Audit Committee Charter

Adopted April 21, 2005; and Amended on February 7, 2018

I.     Purpose

The purposes of the Audit Committee (the “Committee”) of the Board of Trustees (the “Board”) of the Robert Wood Johnson Foundation (the “Foundation”) are to assist the Board in fulfilling its oversight responsibilities relating to the integrity of the Foundation’s financial statements; its systems of internal accounting and financial controls; its processes and procedures for risk management; its compliance with legal and regulatory requirements; and the performance, qualification, and independence of the Foundation’s independent auditors.

II.    Responsibilities and Duties

The Committee shall have the right to undertake all actions necessary to carry out the purposes of the Committee, including but not limited to:

  •  Be directly responsible for the appointment, compensation, oversight, and retention of the Foundation’s independent auditors. The independent auditors shall report directly to the Committee and shall meet separately with the Committee (without management) at least annually, or more frequently as the Committee may request.
  • Evaluate annually the qualifications, performance, and independence of the independent auditors and discuss with the auditors any relationships that may impact auditor objectivity and independence.
  • Approve prospectively all audit and non-audit services provided by the independent auditors, giving consideration to whether the performance of such services might adversely affect the independent auditors’ objectivity or independence. This responsibility may be fulfilled by the Committee’s Chair; services approved by the Chair should be reported to the Committee at its next scheduled meeting.
  • Ensure proper rotation of the lead audit partner on the Foundation’s engagement.
  • Review and discuss the Foundation’s annual financial statements and the related footnotes and disclosures with management and the independent auditors, including the quality, not just the acceptability, of the Foundation’s accounting principles, and the clarity and completeness of the financial statements and related disclosures.
  • Obtain annually a report from the independent auditors regarding matters to be communicated under the Statements of Auditing Standards then in effect, and review with the independent auditors:

—any significant difficulties or disagreements with management in connection with the preparation of the financial statements;

—any formal communications between the audit team and the auditors’ national office regarding auditing or accounting issues;

—any recommendations regarding internal controls; and

—a summary of any alternative accounting treatments discussed with Foundation management, the ramifications of such treatments, and the treatment preferred by the independent auditors.

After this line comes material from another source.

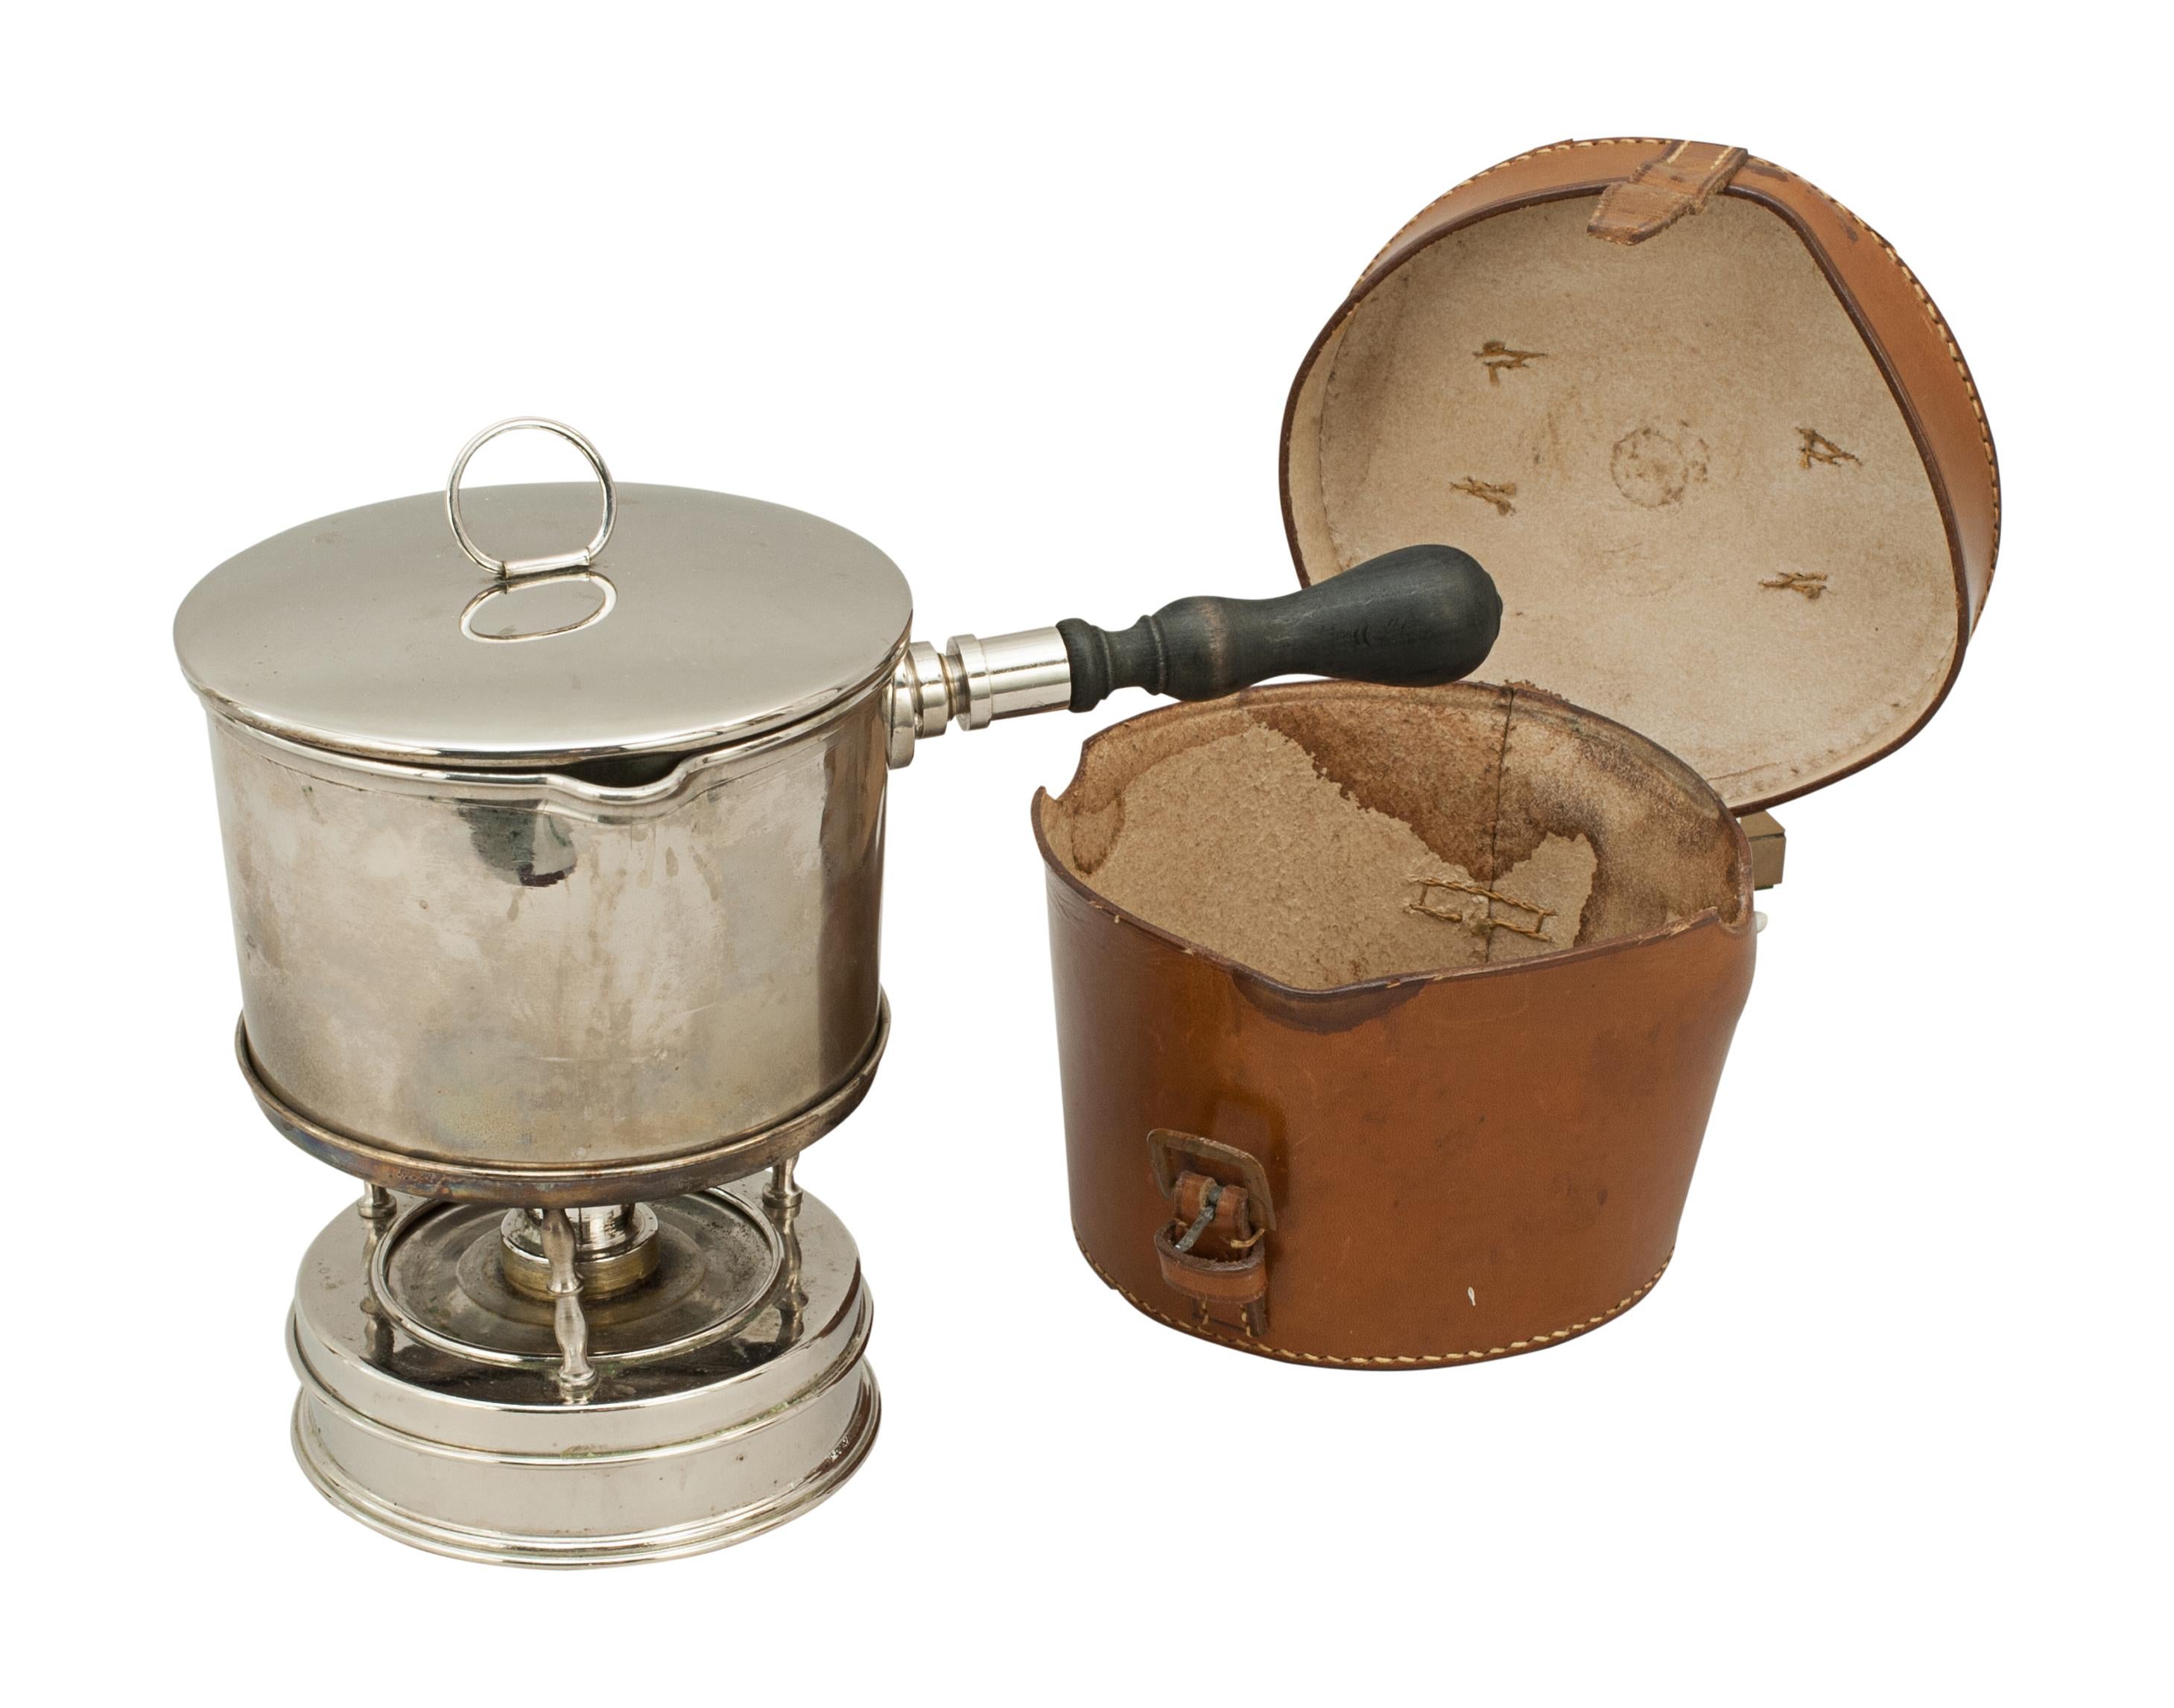 Army & Navy Campaign spirit stove with pan in original leather case.
An Army & Navy Cooperative Society Limited campaign/travelling spirit stove with sauce pan. The whole apparatus neatly packs into the leather travel case. The leather case is with

  • Resolve disagreements, if any, between management and the independent auditors regarding financial reporting.
  • Review new and significant accounting pronouncements that have an impact on the Foundation’s financial statements.
  • Oversee and periodically evaluate the Foundation’s internal controls and procedures, including those related to risk management, cybersecurity, and programmatic activities.
  • Oversee and periodically evaluate the Foundation’s processes for monitoring compliance with legal and regulatory requirements.
  • Establish procedures for the receipt, retention, and treatment of complaints regarding the Foundation’s accounting, internal accounting controls, or auditing matters, including procedures for the confidential, anonymous submission by Foundation employees of concerns regarding questionable accounting or auditing matters.
  • Monitor and periodically evaluate the Foundation’s conflict of interest policies and related procedures.
  • Review with management any significant issues raised in connection with the Foundation’s required filings under the Internal Revenue Code.

III.    Composition

The Committee shall consist of at least three members of the Board, each of whom shall be free of any material conflict of interest that, in the opinion of the Board, may interfere with the exercise of his or her independent judgment as a member of the Committee. Officers and employees of the Foundation shall not be eligible to serve on the Committee. Members of the Committee shall be appointed annually by the Board. The members of the Committee may not receive, directly or indirectly, any consulting, advisory, or other compensation from the Foundation except the fees that they receive for service as a member of the Board or any committee thereof. The Board may appoint the Committee’s Chair, but if the Board has not appointed a Chair, the Committee shall elect a Chair from among its members.

All members of the Committee shall have a basic understanding of finance and accounting and be able to read and understand financial statements, or develop such ability and understanding within a reasonable period of time after appointment to the Committee. At least one member of the Committee shall have accounting or financial management experience.

IV.    Meetings

The Committee shall meet at least twice annually and more frequently as circumstances require or as the Committee’s Chair or as any two Committee members may request. The Chair shall set the agenda for each meeting in consultation with the other members. The Committee may request that any Trustees, officers, employees, agents, or advisers of the Foundation, or other persons whose advice and counsel are sought by the Committee, attend any meeting of the Committee and/or provide such pertinent information as the Committee requests. The Committee shall provide sufficient opportunity for the internal and independent auditors to meet privately with the Committee.

V.     Investigations and Studies; Outside Advisers

The Committee may conduct or authorize investigations into or studies of matters within the scope of the Committee’s responsibilities, with full access to all books, records, and personnel of the Foundation, and may retain, at the Foundation’s expense, independent counsel and such other advisers, experts, and other professionals as it deems necessary or appropriate to carry out its duties. All fees and expenses authorized by the Committee shall be promptly paid by the Foundation.